Passing himself off as a reggae artist, L.A. Reid was impressed with the young Lova Boy but couldn’t make a decision on whether or not to sign him and deferred to Jay Z. Equally impressed but unsure as to how to market him, it’s Jay Z who tells Lova Boy to go back home to Belize and blow up there and to come back and see him.
Words that Lova Boy never forgot and spent the past couple of years trying to bring to fruition.
In 2004, Lova Boy immediately went to work on re-branding his career, image, and music style—starting with transitioning from the popular reggae style of music to Punta Rock or Belizean Punta—a form of the traditional punta rhythm of the Garifuna people of Honduras, Belize and Guatemala.
Having no real money to speak of and no label to back him, Lova Boy put together a team of his friends and supporters and took his sound from the streets of Los Angeles back home to Belize.
In 2011, after releasing his first album Grand Opening, his song “Tornado” broke the record for longest running video at number one and earned him the Song of the Year award as well as a nomination for Artist of the Year at this year’s Belizean Music Awards making him a household name—no small feat in a county where only 70% of the population has a television and even less have access to the internet. Compared to America where there is no shortage of television stations to choose from, Belize has only 7 television broadcast stations for a population of 333,200.
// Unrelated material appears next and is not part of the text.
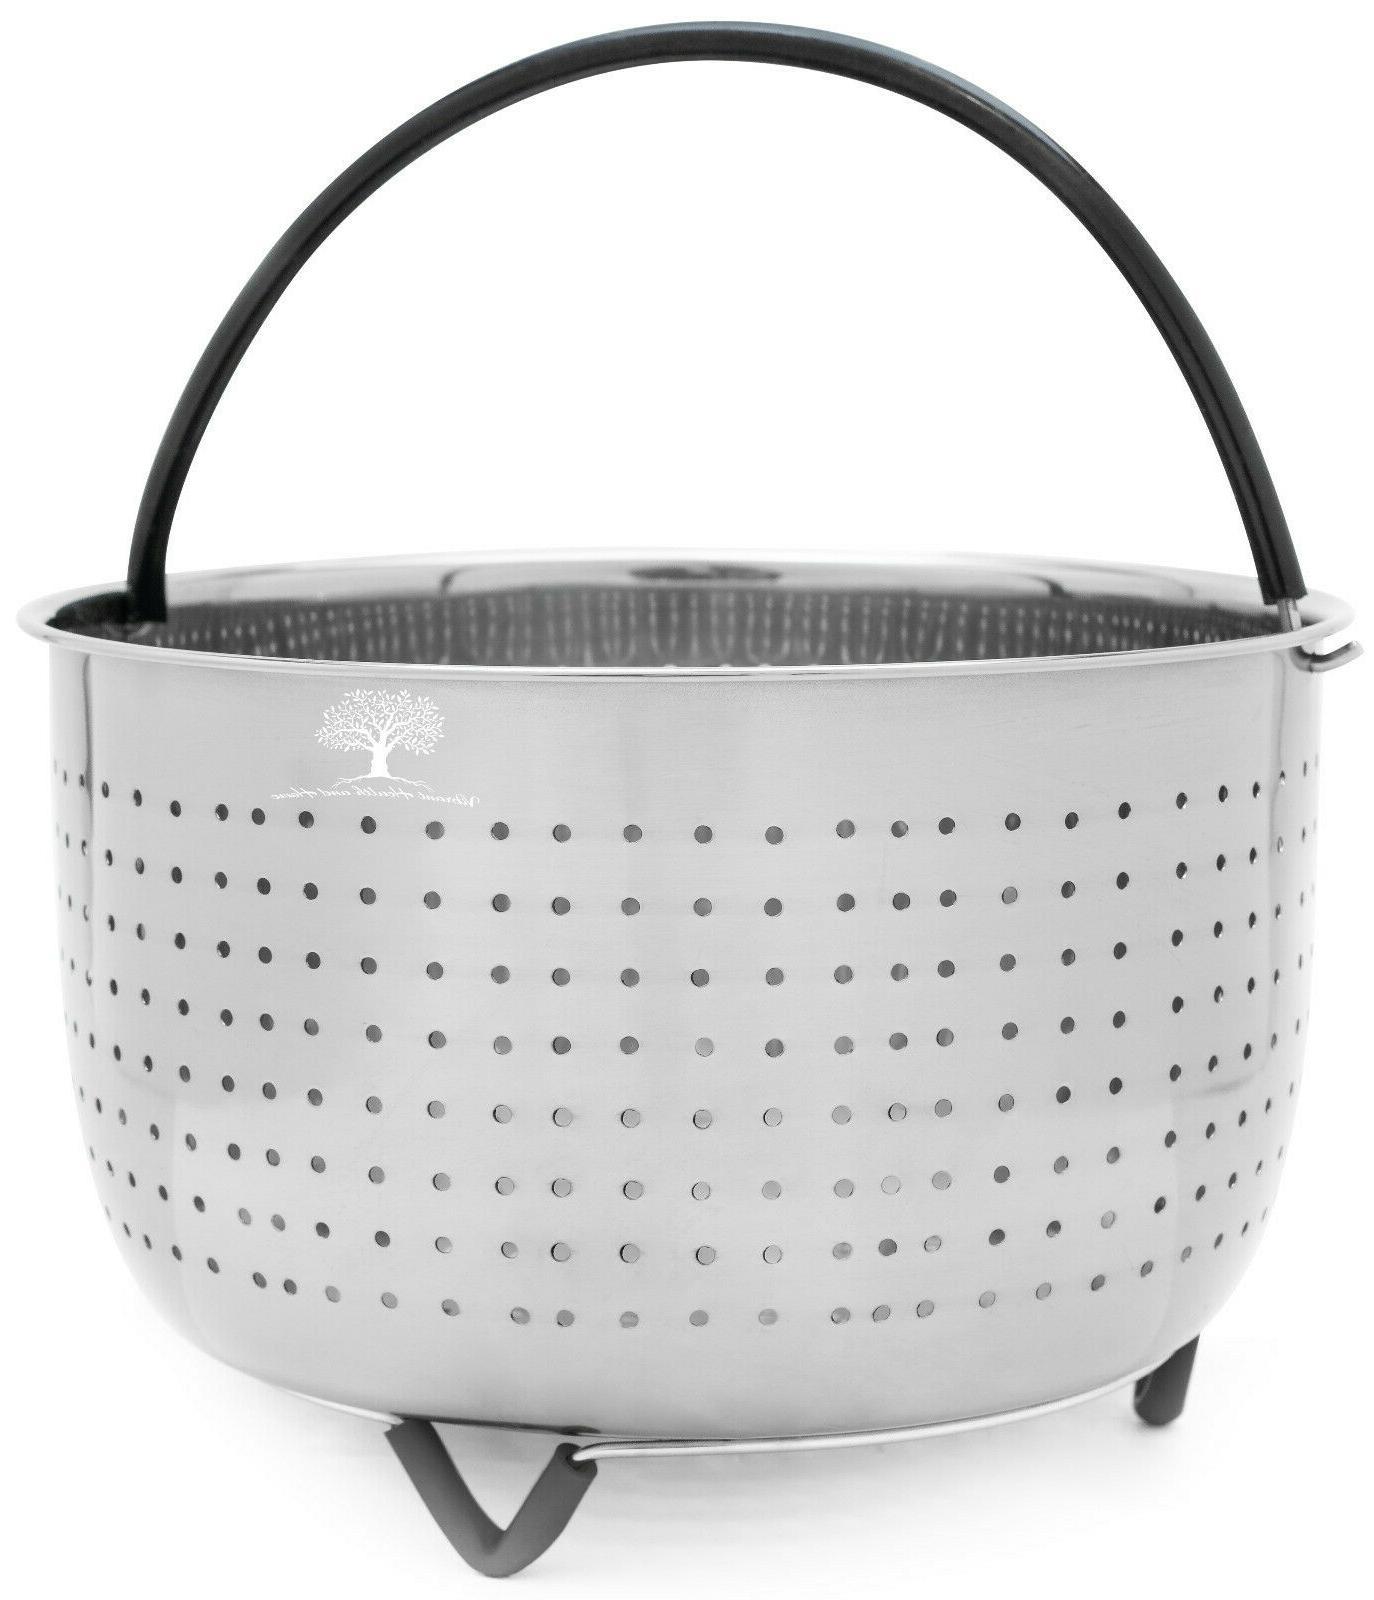 Pressure Cooker Accessories 6 QT Steamer Basket for Instant

With a career just beginning to take off, Lova Boy was tapped to work on projects with the Black Eyed Peas, The Fugees’ Pras, and rapper and producer Warren G, something that he credits to his versatility as an artist where he can go effortlessly from Punta Rock, to reggae, all mixed in with a little bit of hip-hop.
Branching out into film and television, Lova Boy’s “Get Dis Money” is featured in the hit film “The Confidant” starring rapper David Banner and Boris Kodjoe. He’s currently is working with noted filmmaker and West Coast hip hop historian Gregory Everett (“The Untold Story of the L.A. Black Panthers”) on a feature film project starring Lova Boy to be shot in Belize next year.
More recently, Lova Boy just completed his fifth music video for his song “You Da Wife.”
Despite his busy schedule, he still makes time to work with at-risk youth in juvenile detention facilities, schools and on the streets of Los Angeles to help them discover and develop their voices as writers, artists and human beings. Some of the programs he’s affiliated with include the award-winning Street Poets United and the Youth Justice Coalition where his work continues to be recognized by both politicians and his peers.
“I’ve still got a long ways to go,” he says. “I’m just getting started. I just want to make good music, take care of my family, raise my son to be a man, and represent Belize and the Garifuna people.”